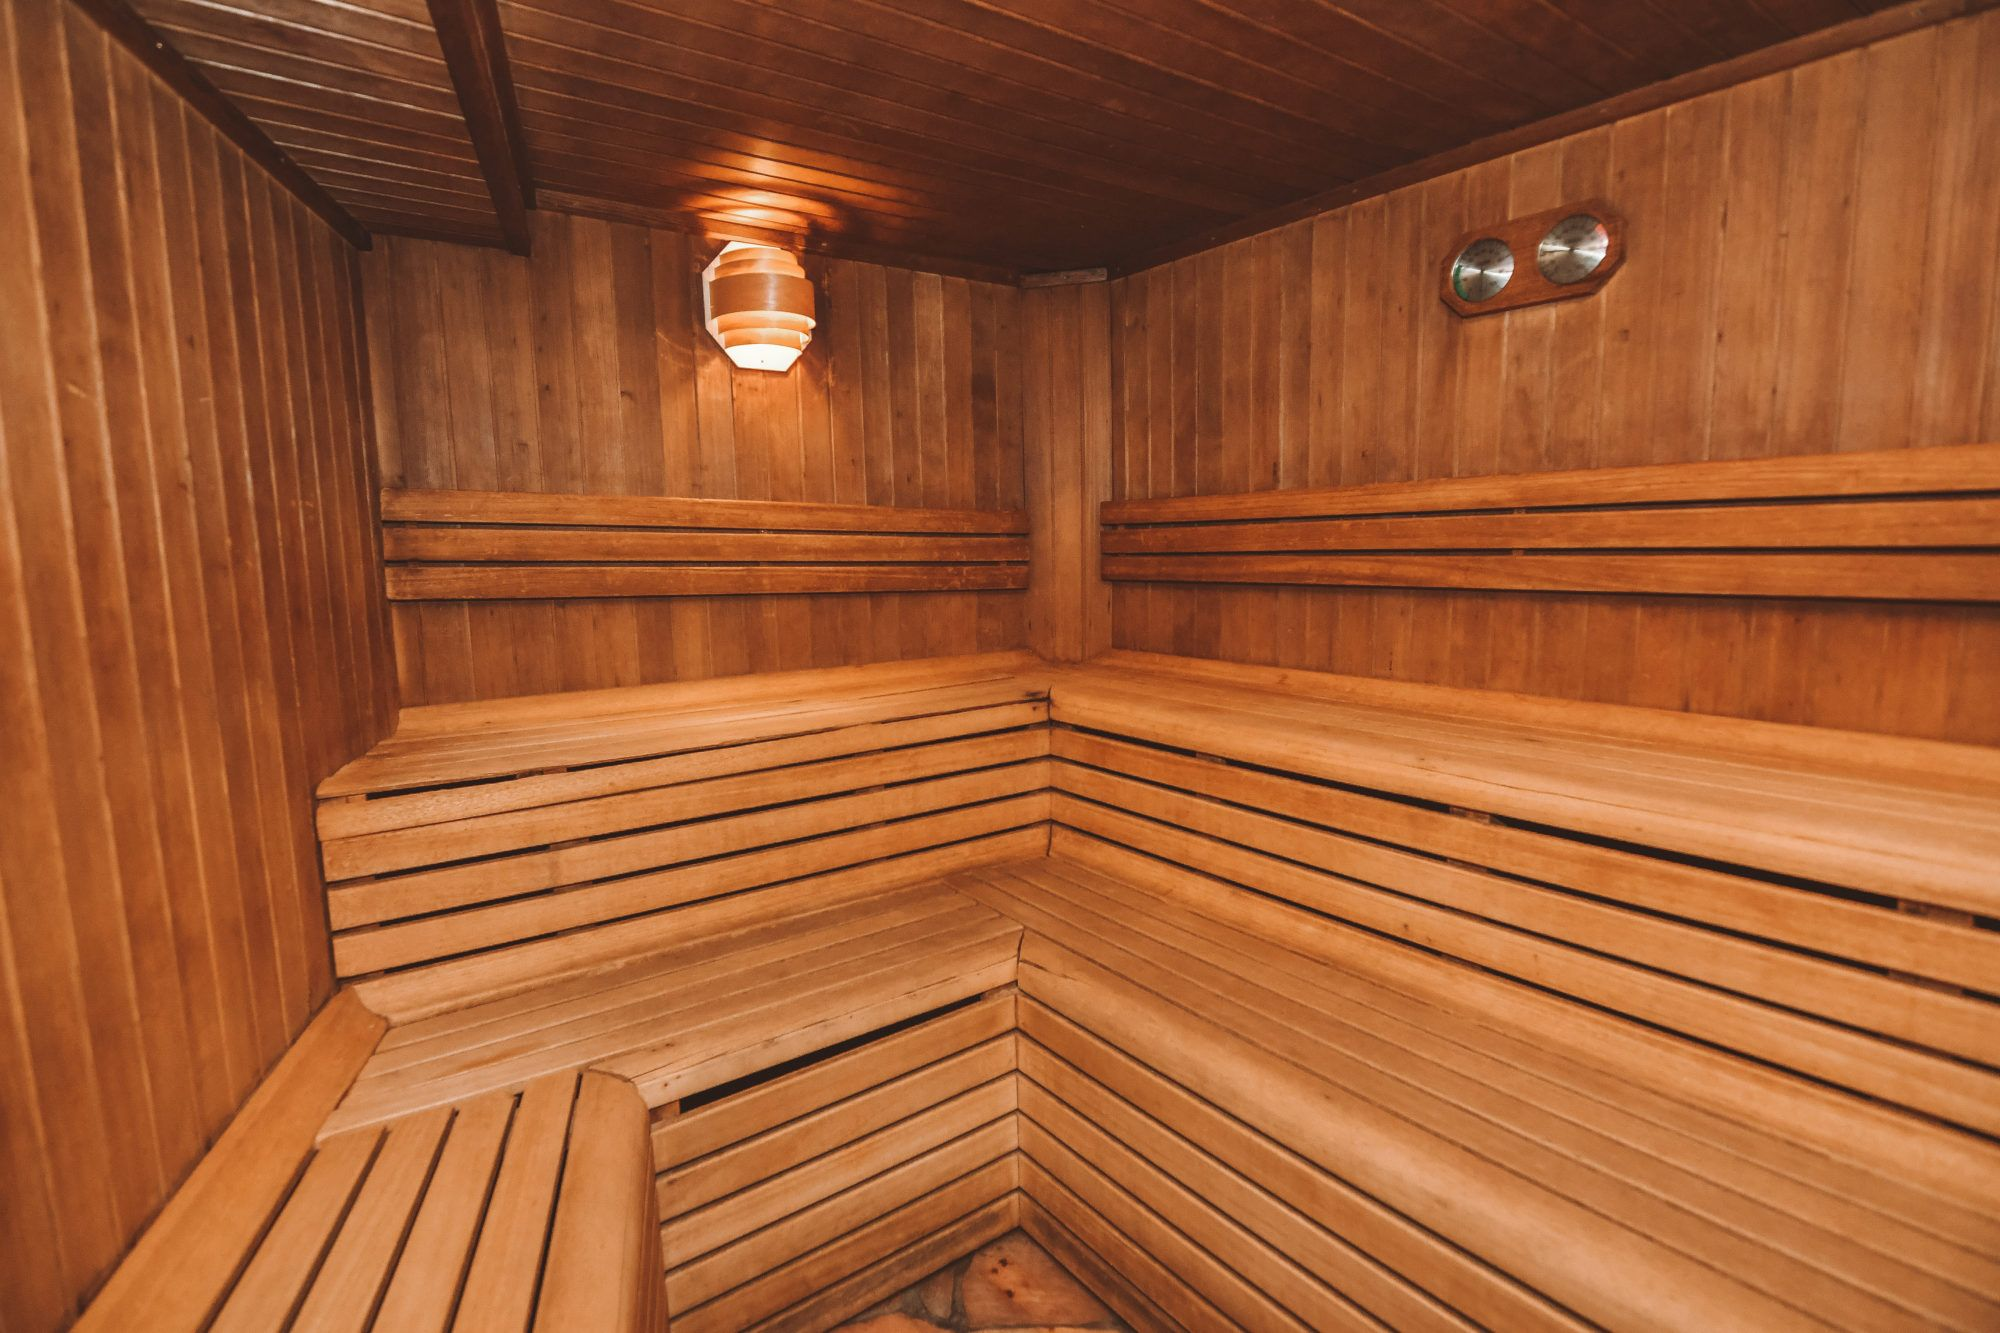 22 Hotel Soreghes - sauna
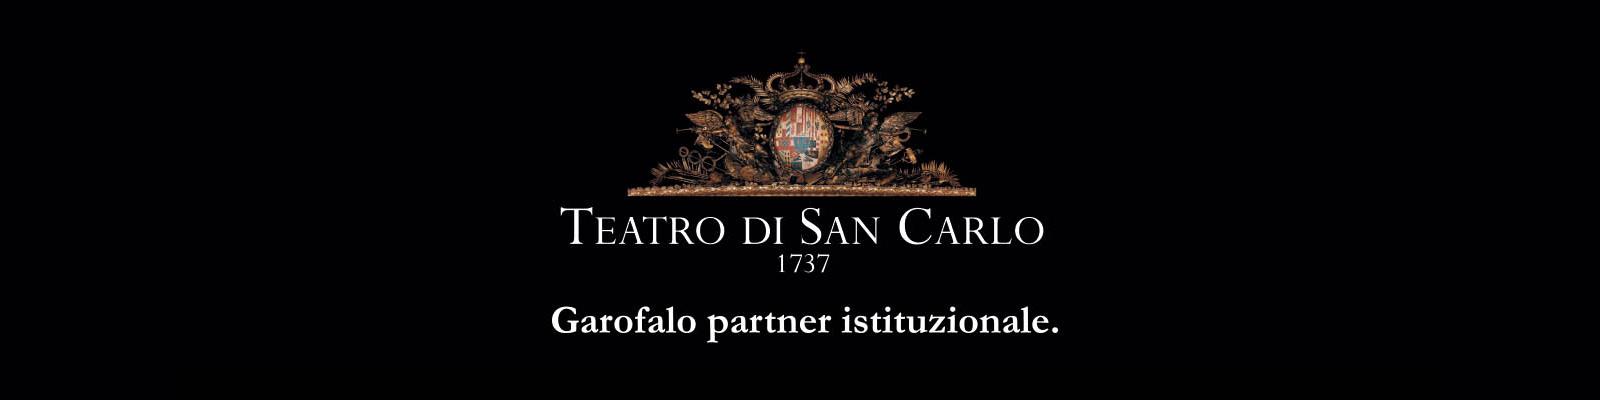 Pasta Garofalo sponsor di Teatro S. Carlo
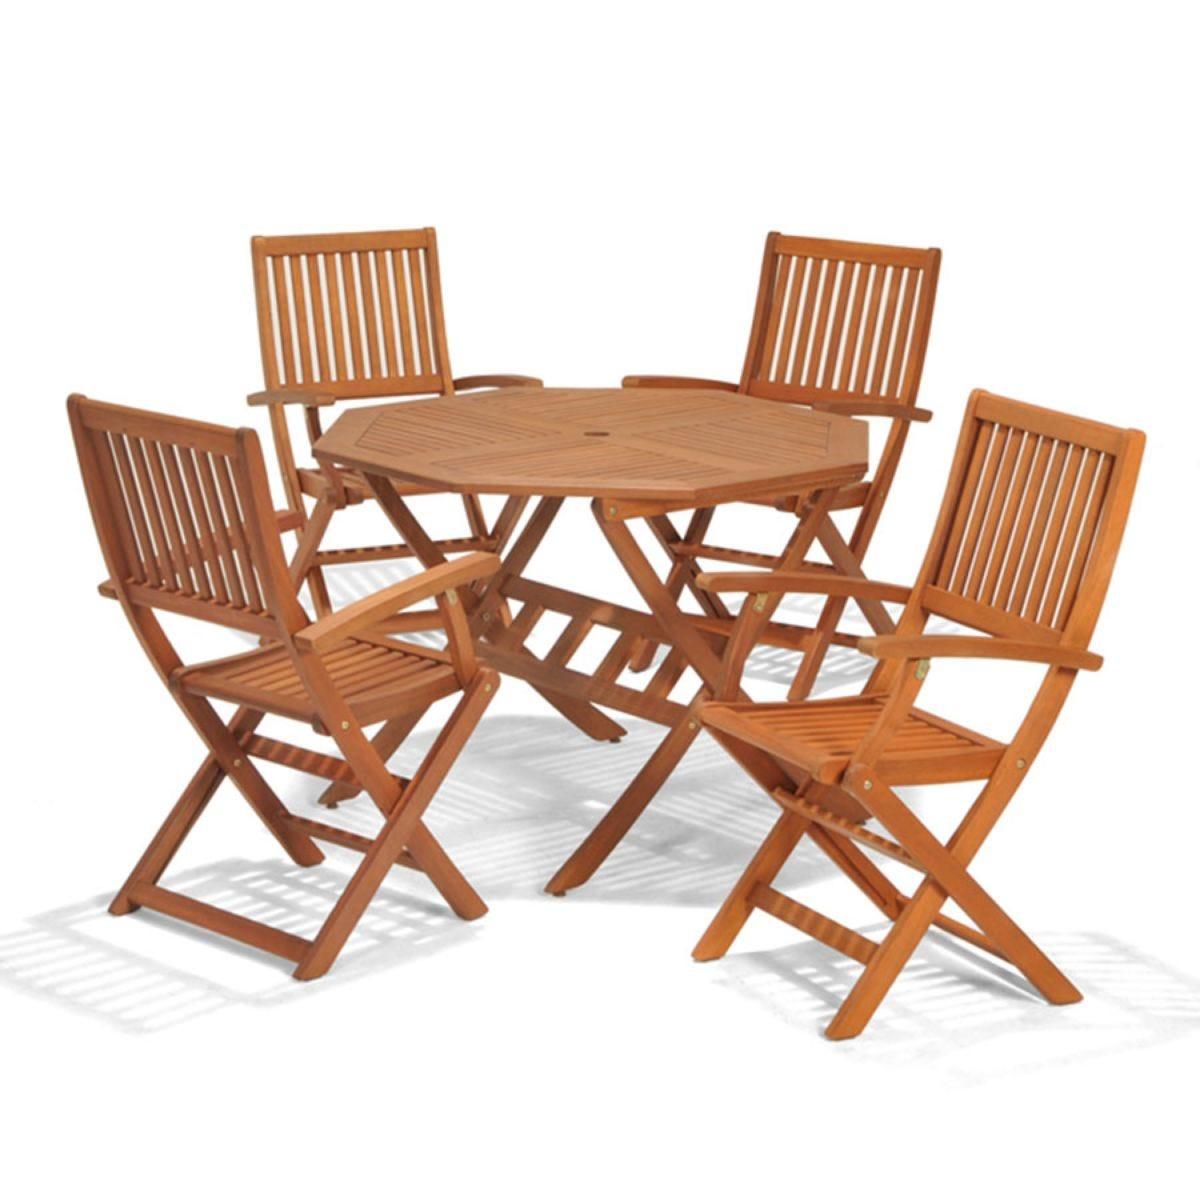 Robert Dyas FSC Country Hardwood 4-Seater Dining Set
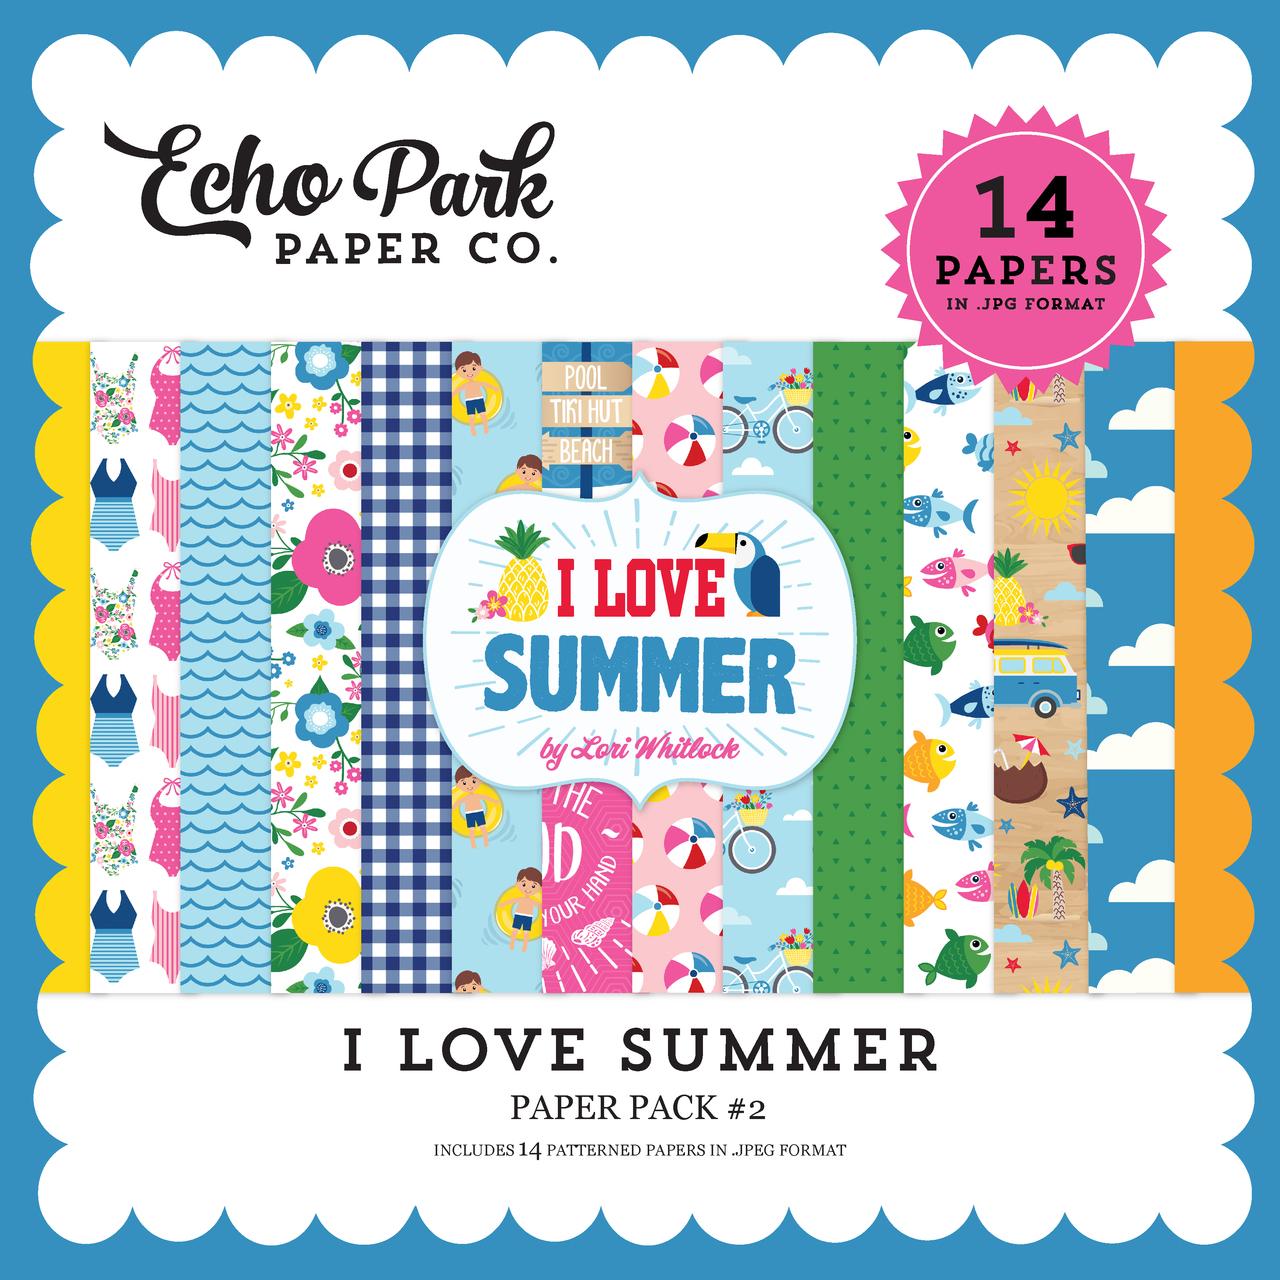 I Love Summer Paper Pack #2
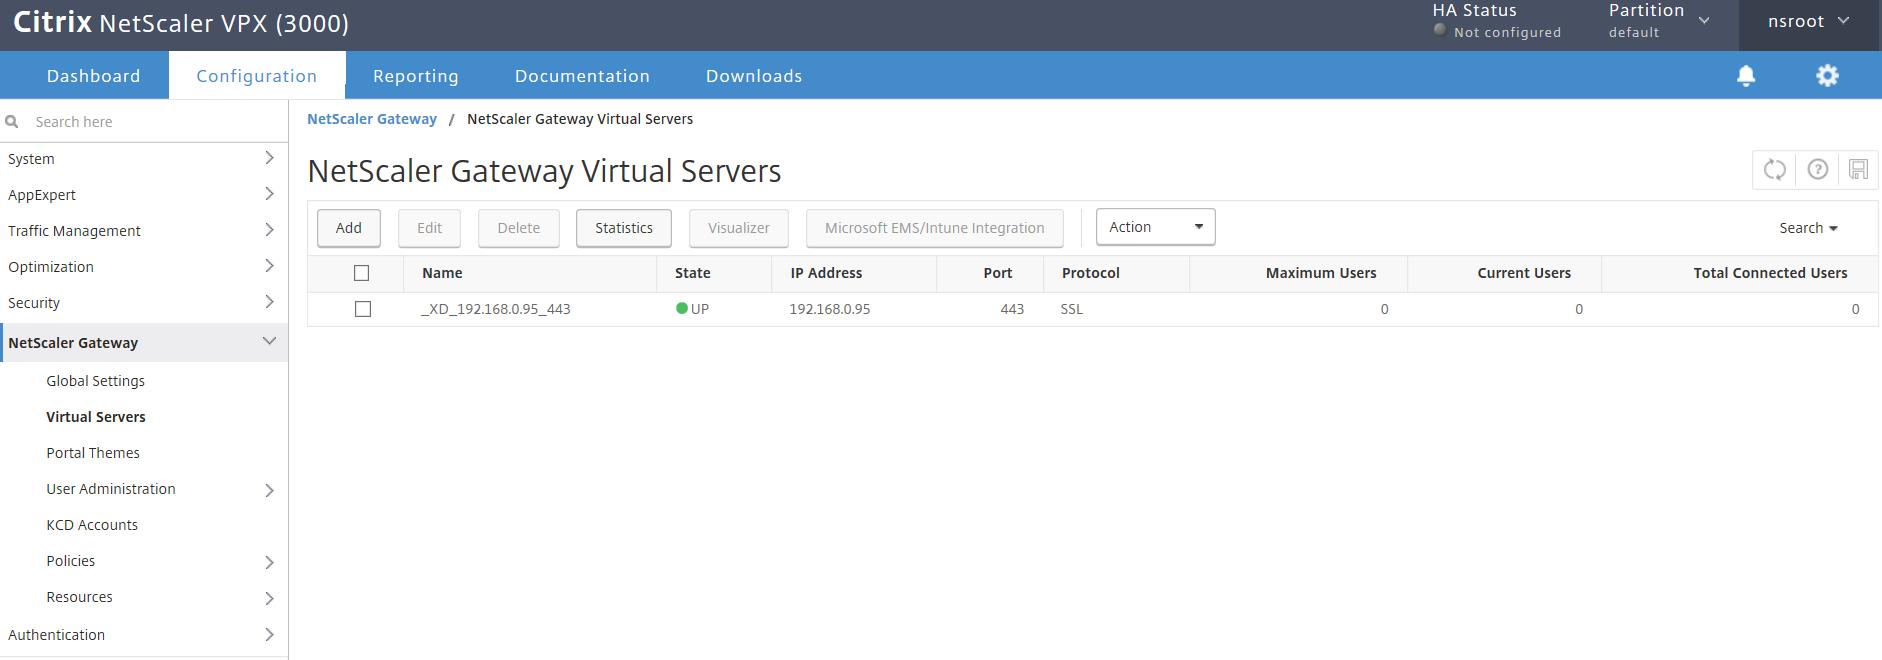 Cisco windows 10 vpn client download

————

## [Activity]
Set down the entries above again exactly, minus any image.

## [Output below]
 22 Hotel Soreghes - sauna
 Pasta Garofalo sponsor di Teatro S. Carlo
 Robert Dyas FSC Country Hardwood 4-Seater Dining Set
 I Love Summer Paper Pack #2
 Cisco windows 10 vpn client download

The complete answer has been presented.